__What the exercise asks__: Please reproduce the listing word for word. Pictures stay out.

START Data

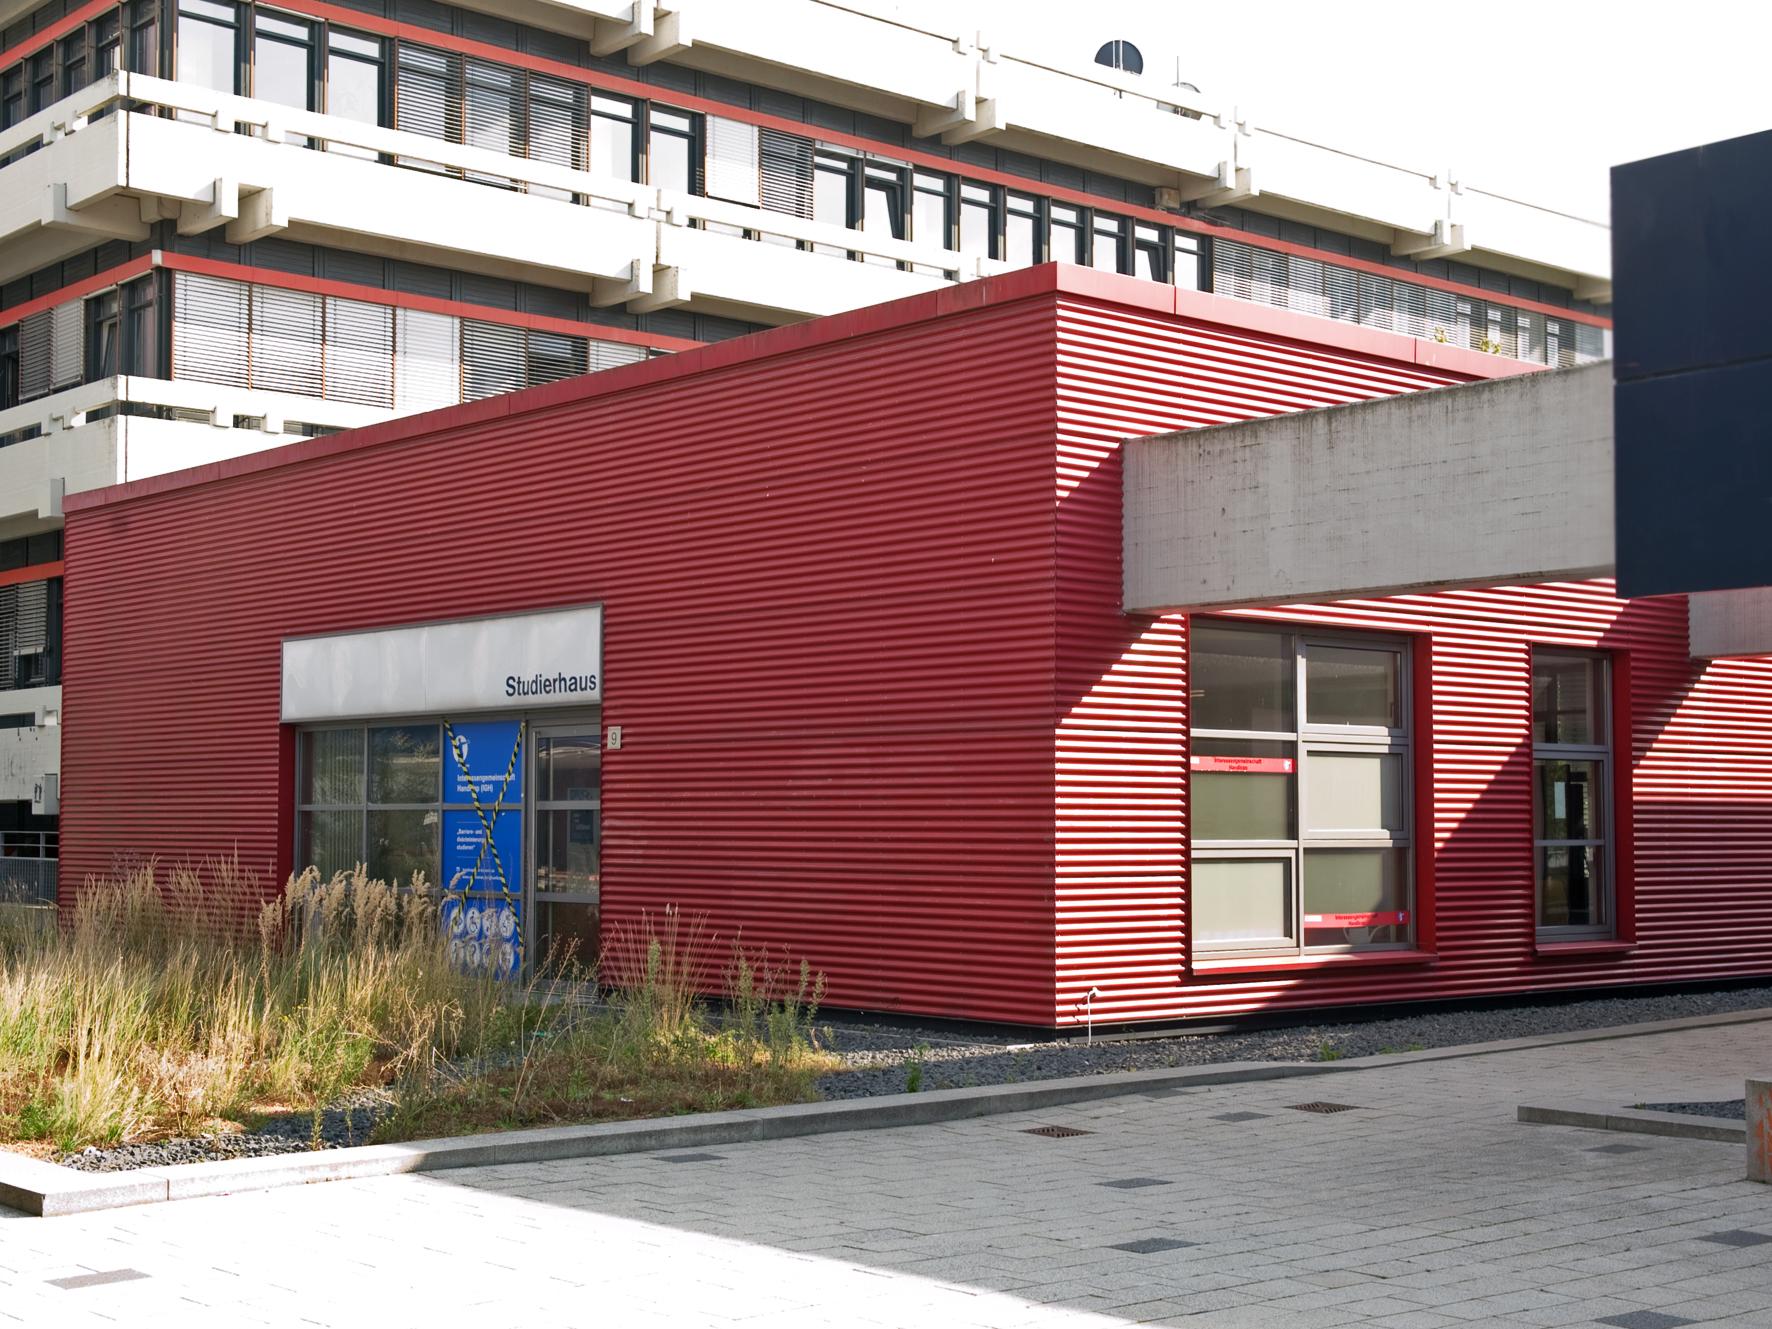 Studierhaus (Zentralbereich D, Boulevard)
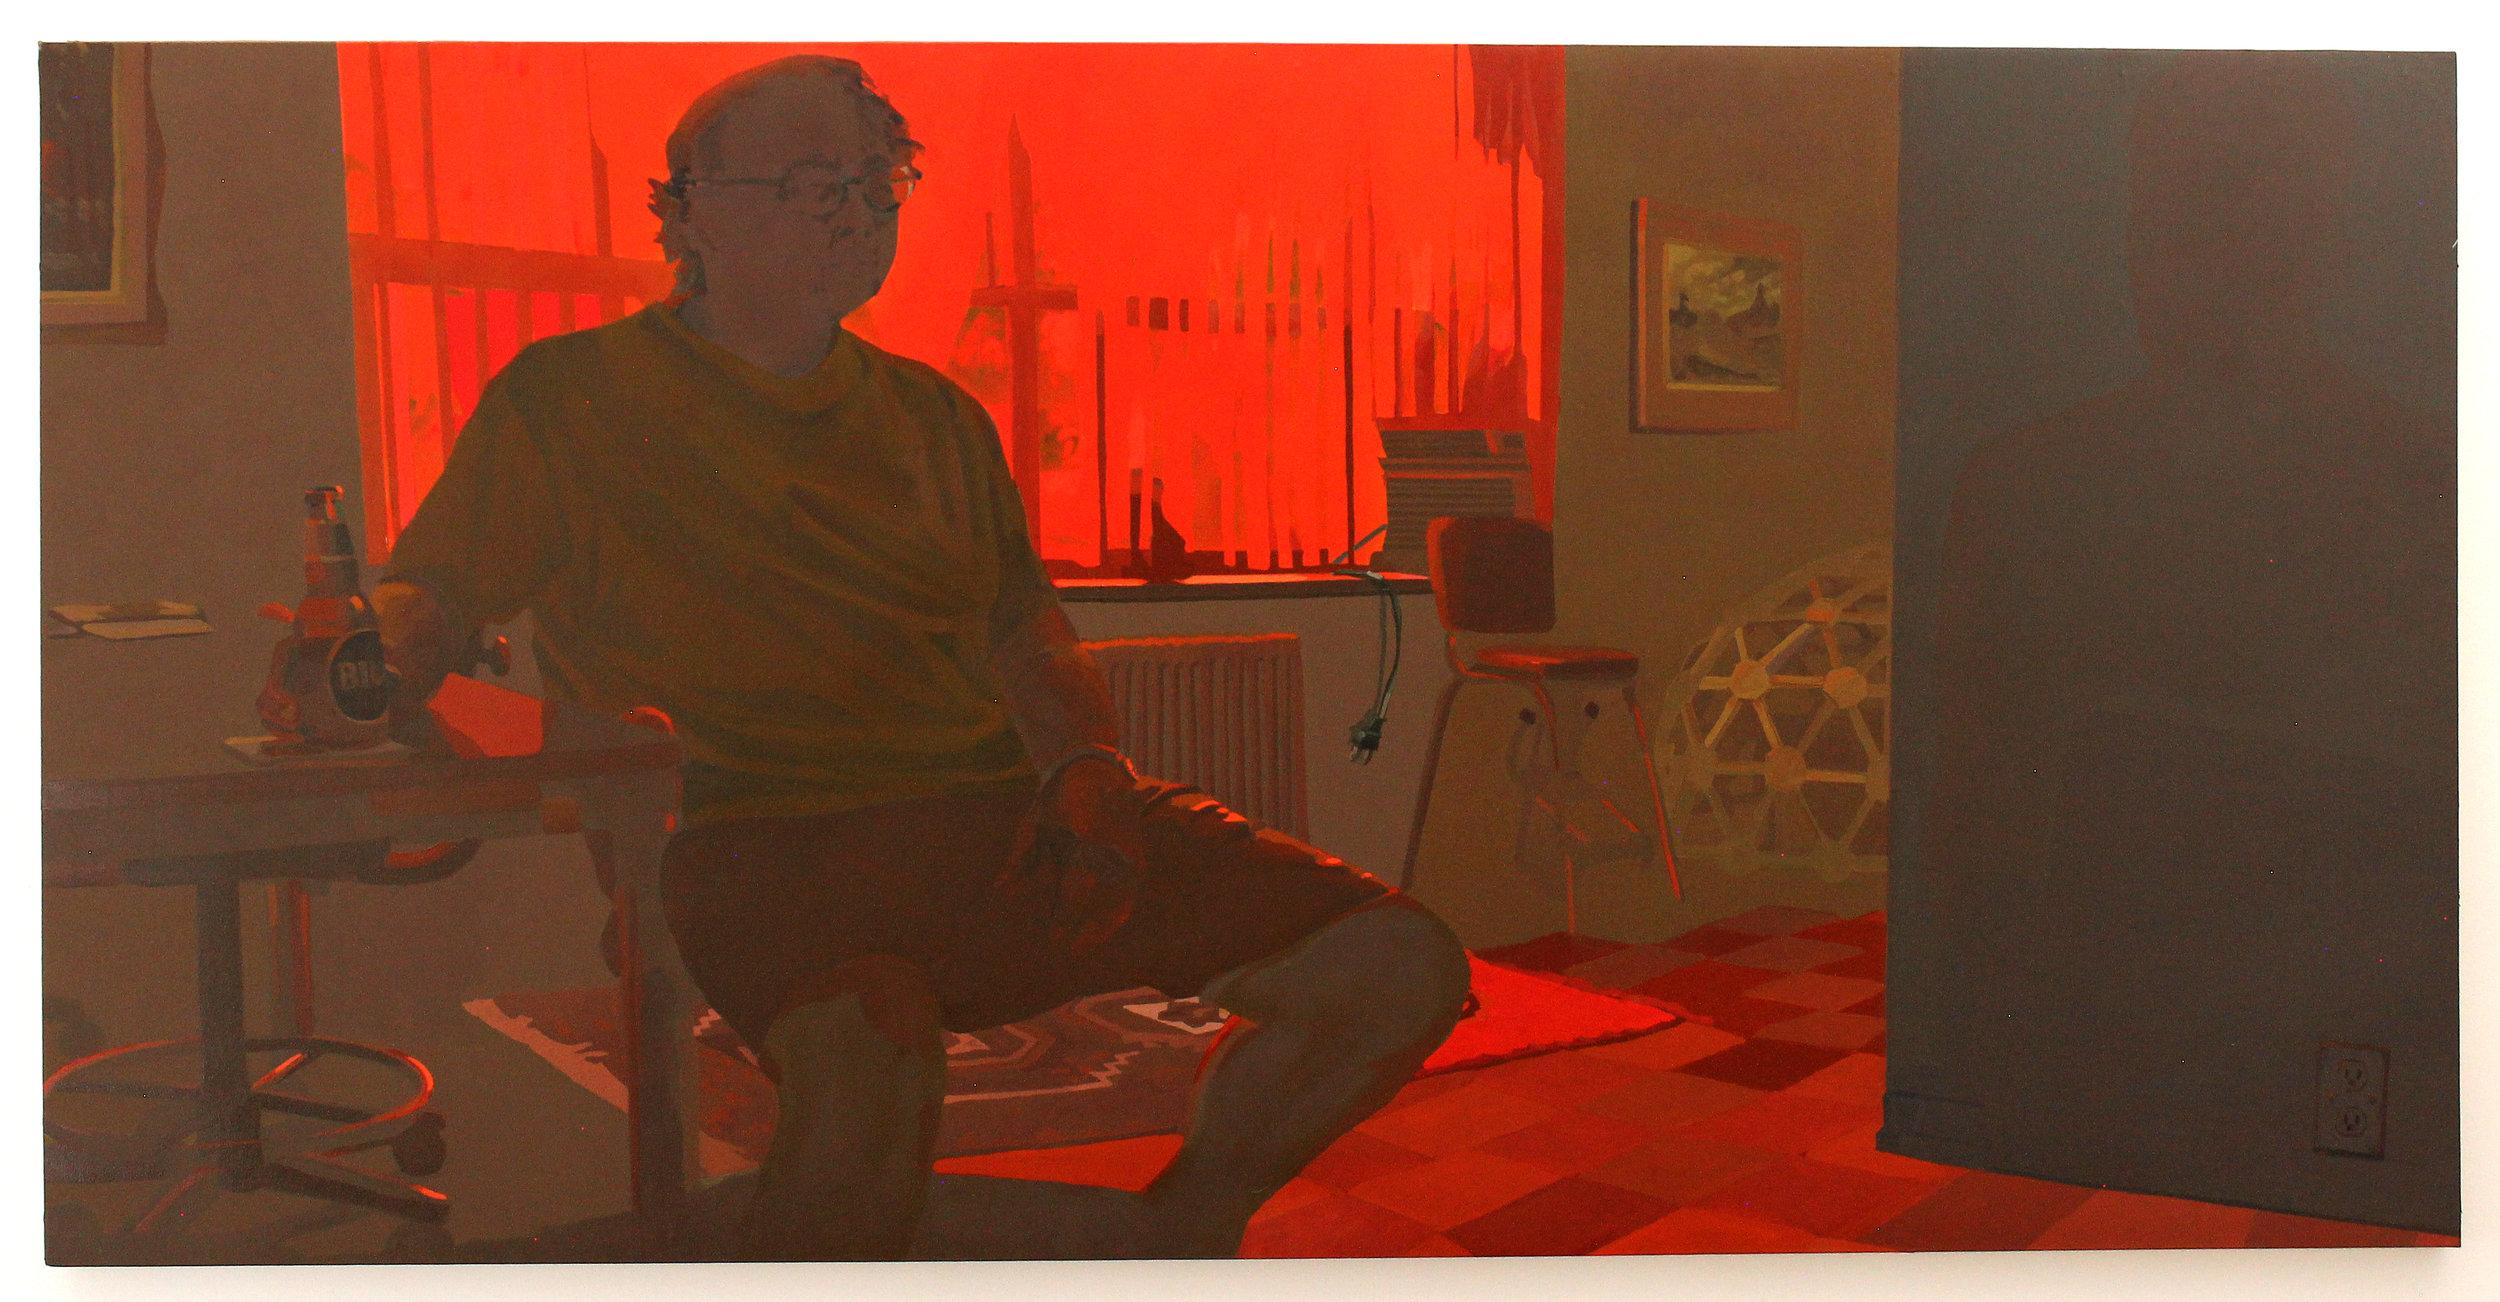 Keiran Brennan Hinton,  Extending the Day , 2017,48 x 96 inches
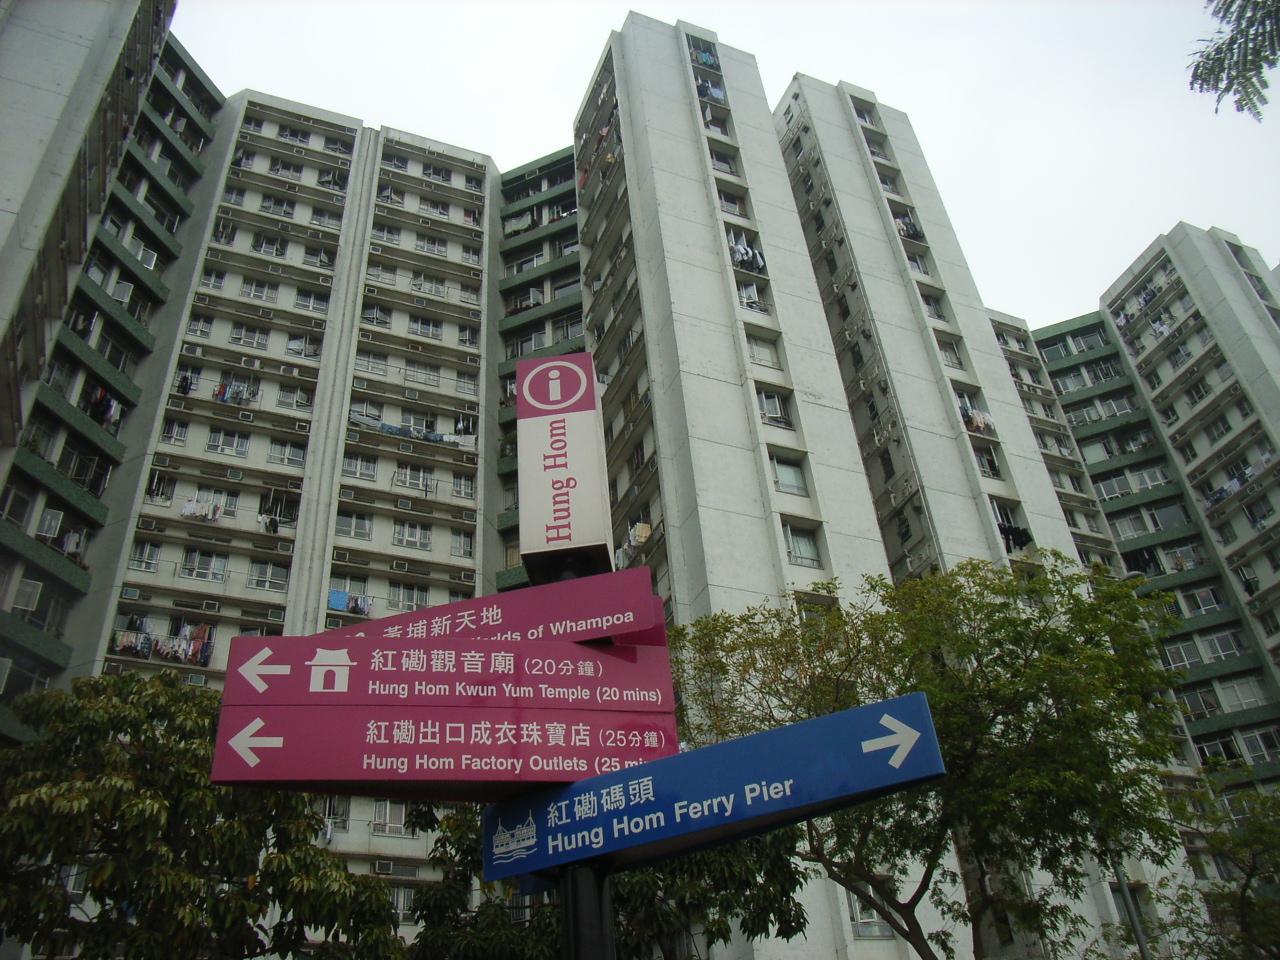 HK_Whampoa_Garden_Lily_Mansions_dir.JPG

END Data

__Answer to this exercise__:
 Studierhaus (Zentralbereich D, Boulevard)
 Keiran Brennan Hinton,  Extending the Day , 2017,48 x 96 inches
 HK_Whampoa_Garden_Lily_Mansions_dir.JPG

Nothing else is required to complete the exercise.